Review: The Swingle Singers

The Swingle Singers

The Swingle Singers
(Pizza Express Dean Street. 12th June 2012. Second night of two. Review by Frank Griffith)

The Swingle Singers made a welcome return earlier this week to Pizza Express Dean Street for two nights running after a two year break. They were last there in 2010 with collaborator Richard Niles.

Sporting a youthful lineup of four male and three female vocalists, their a cappella sounds reverberated winningly in the Soho jazz cavern. Fully kitted out with headsets and mics and dressed smartly but informally, their appeal is as much visual as aural. They don't remain in a clustered, formal layout - their moves are choreographed with ever-changing formations on each song, moving, grooving.

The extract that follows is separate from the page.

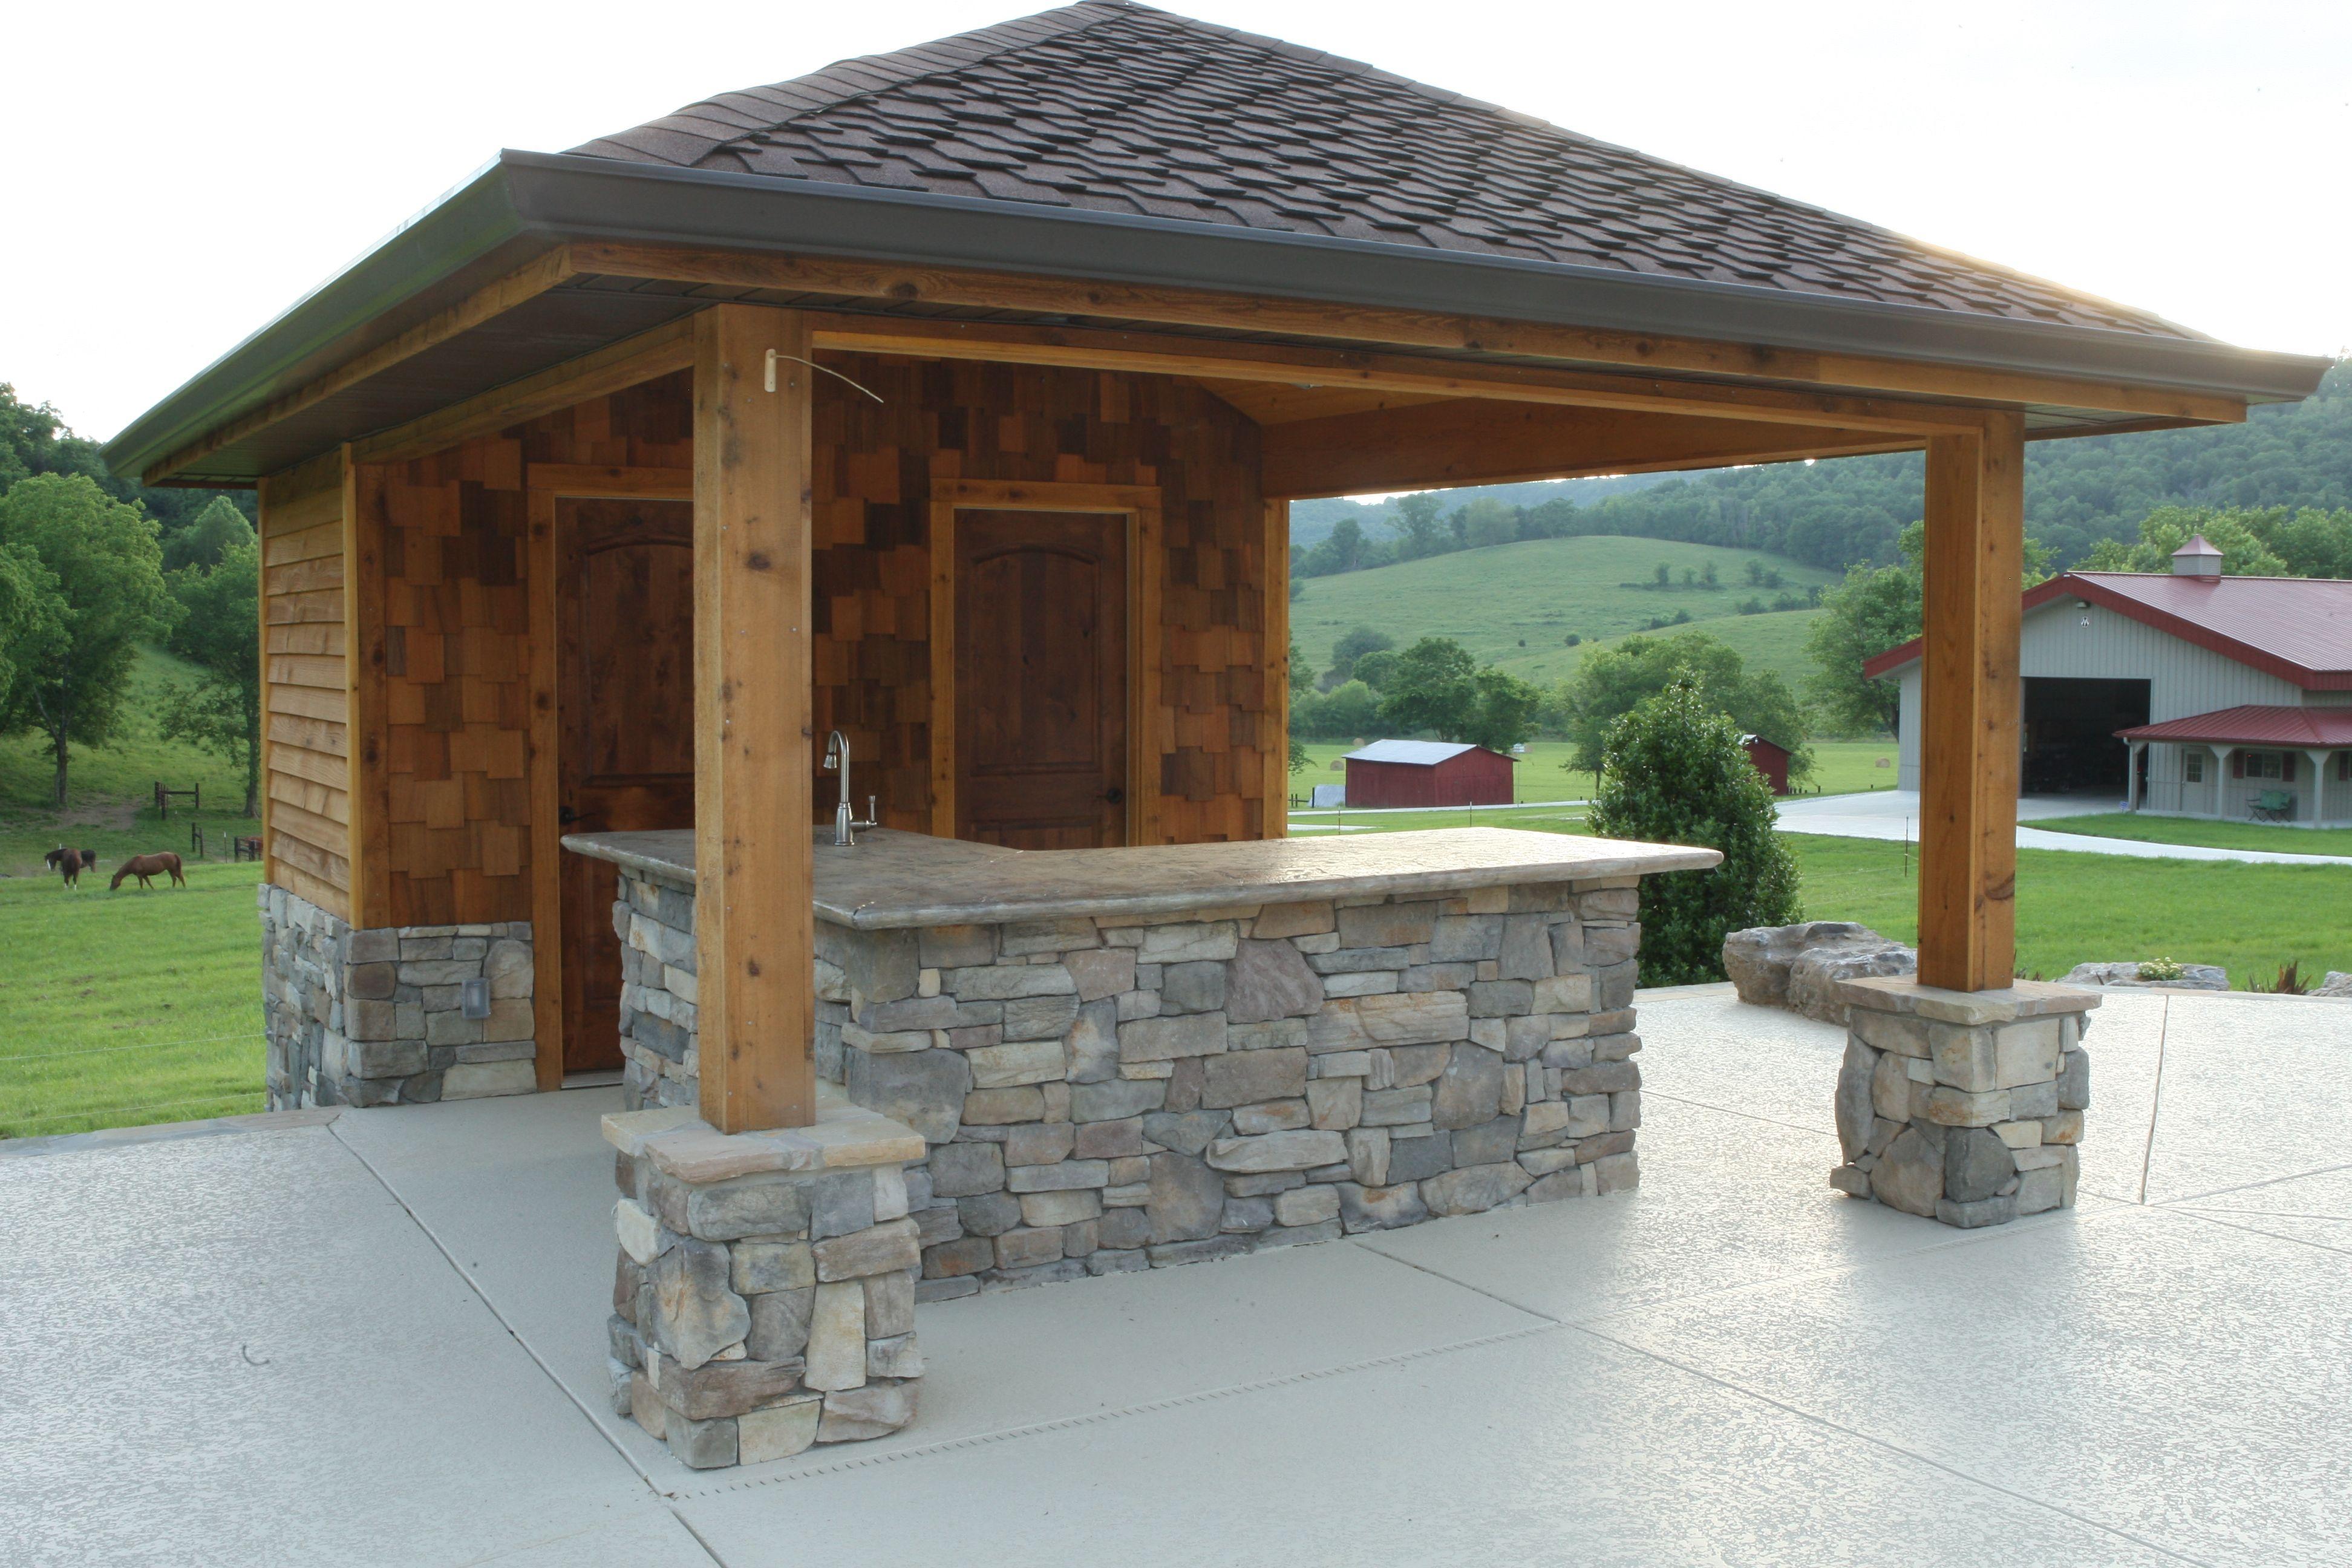 Outdoor Küchen Plan : Outdoor küche plan outdoor küche beton swalif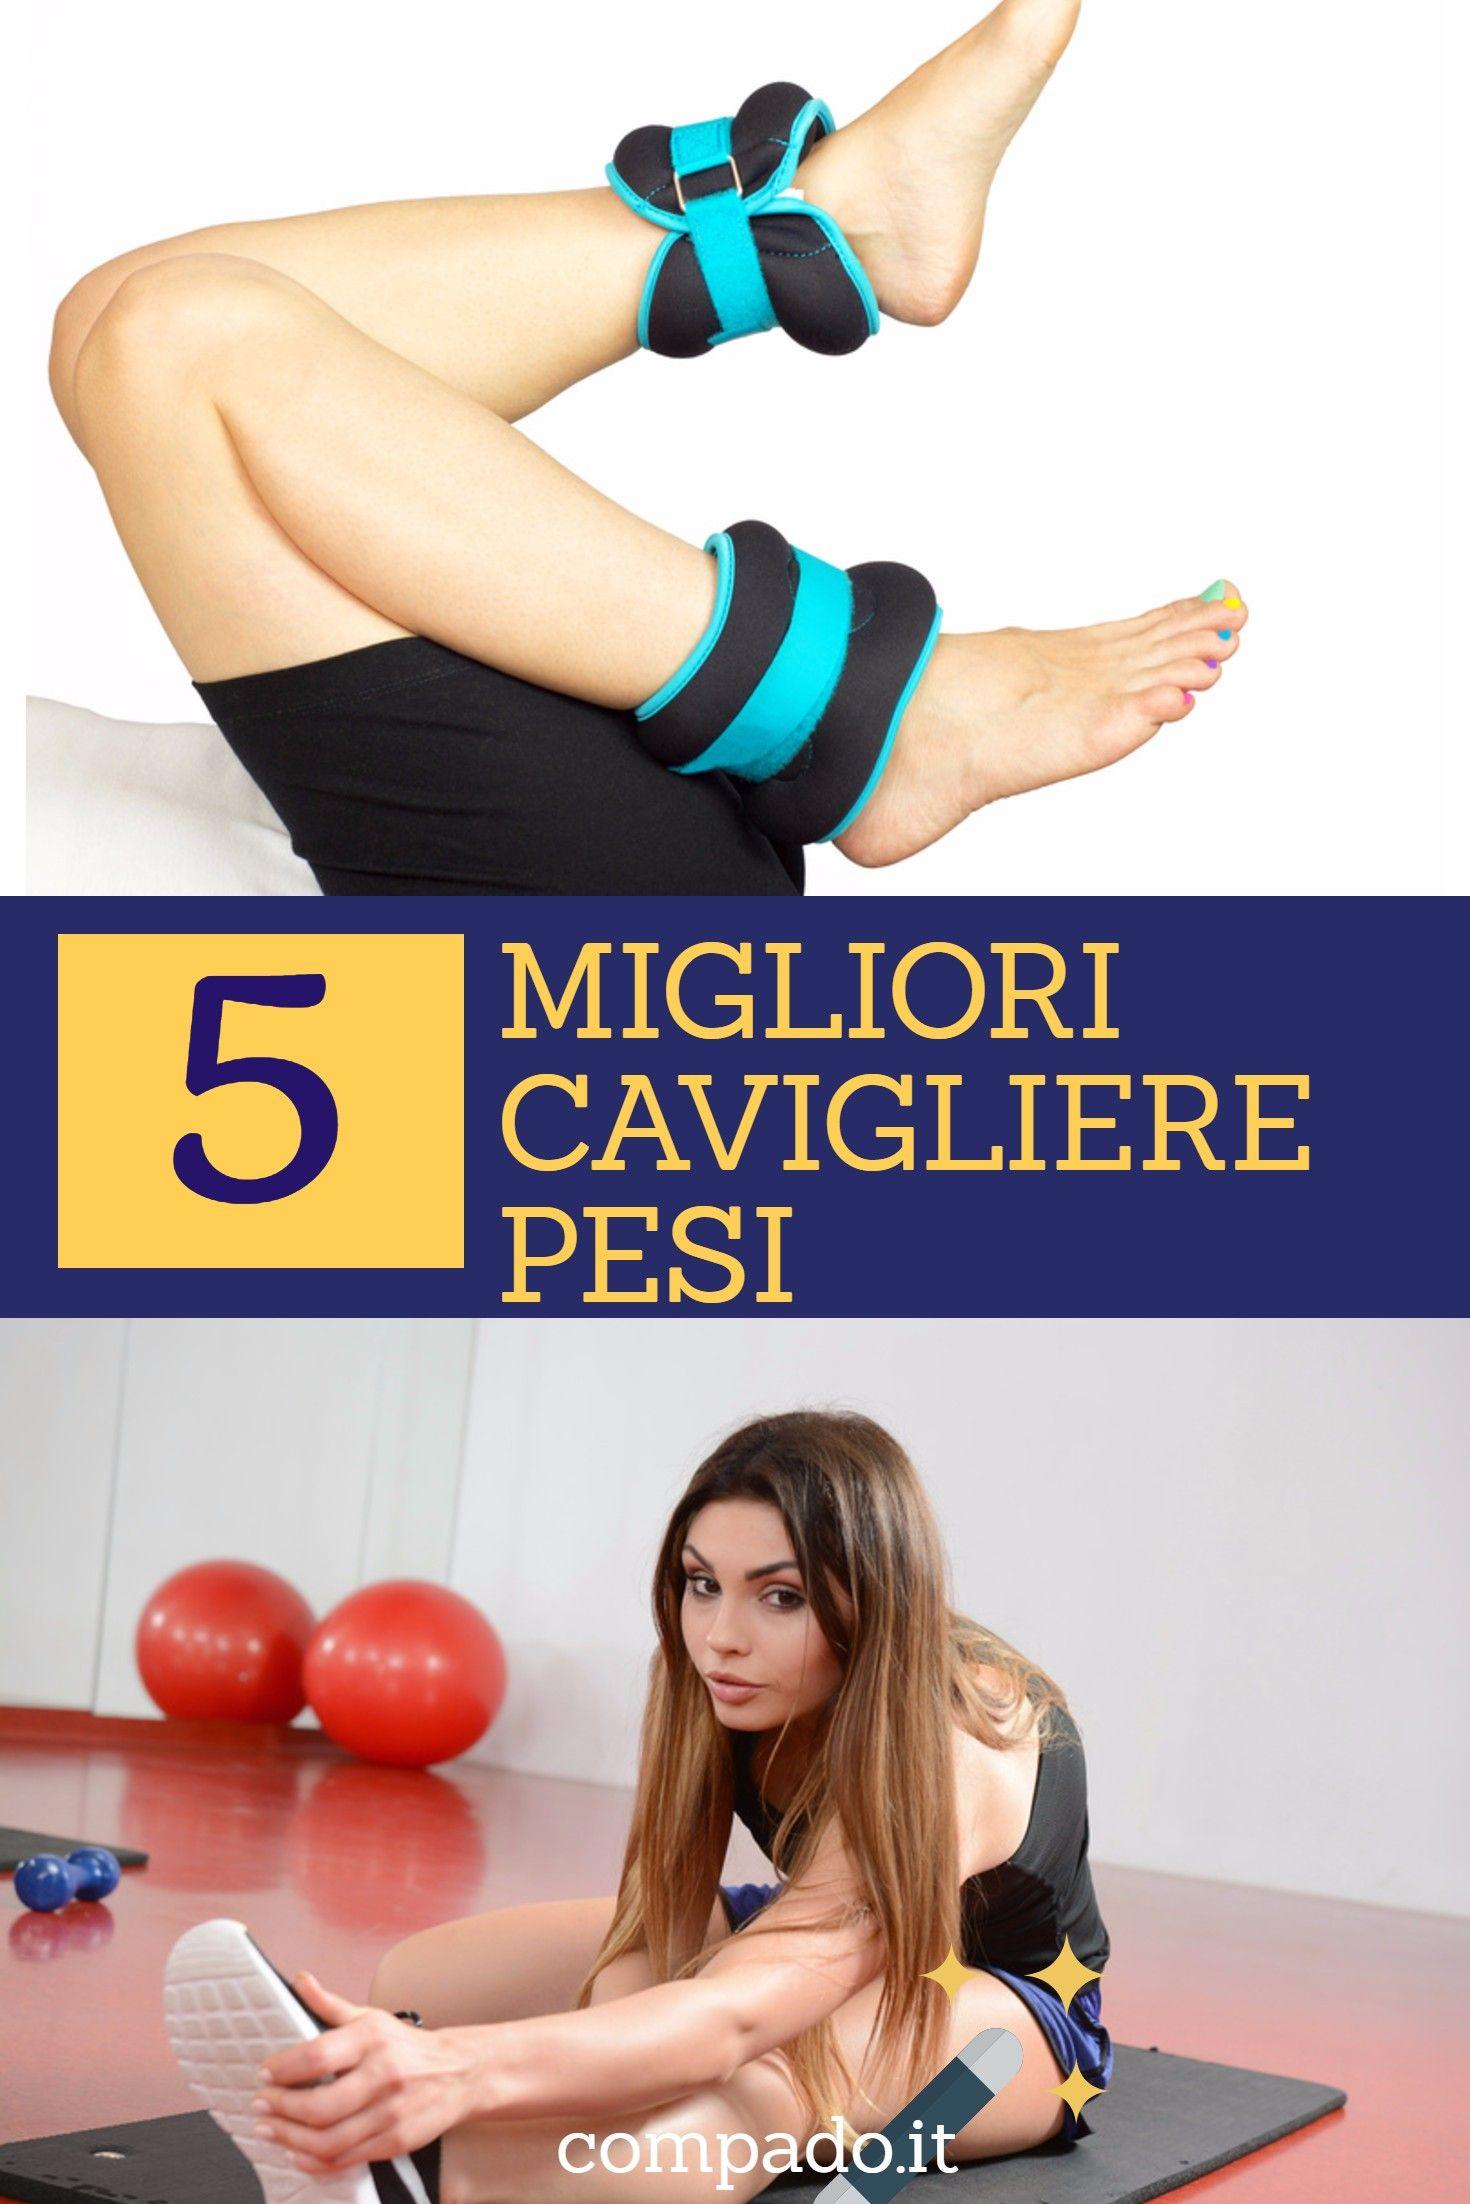 Ottime per aumentare il tono muscolare, aiutano a mantenere tonificate gambe e braccia. Scopri tra i migliori modelli con le migliori offerte nel nostro sito!🤸♀️🤹

Their repertoire displayed an amazing range from Bach, DeFalla and Debussy to The Beatles, Stevie Wonder, Chick Corea and Turkish Folk Songs. In addition their remarkable ability to memorise nearly two hours of music (especially those devilish inner parts), spot-on pitching topped off with achieving an "intervocalactic" blend showed off a stupendous grasp of group discipline and musicality.

The Swingles were formed in 1962 in Paris by American singer/arranger Ward Swingle, and recorded with everyone from the Modern Jazz Quartet to Luciano Berio (Sinfonia, 1968) during their first decade. Their current crop provided all things from pure and scintillating recreations of madrigal singing from Medieval times to contemporary hip hop grooves replete with bass 'n' drum vocalisations from the lower voiced members of the ensemble.

This engagement heralded the debut of the new bass, Edward Randell, who clearly looked and sounded to be settling in nicely. Soprano, Julie Kench, was making a return stint (having left the group in 2009) and shone brightly on The Diva Aria, an operatic ditty from the Bruce Willis film The Fifth Element.

A riveting, sometimes comical and most musical of evenings was appreciated by a healthy houseful. Let's hope that the Swingles will return much sooner than two years hence.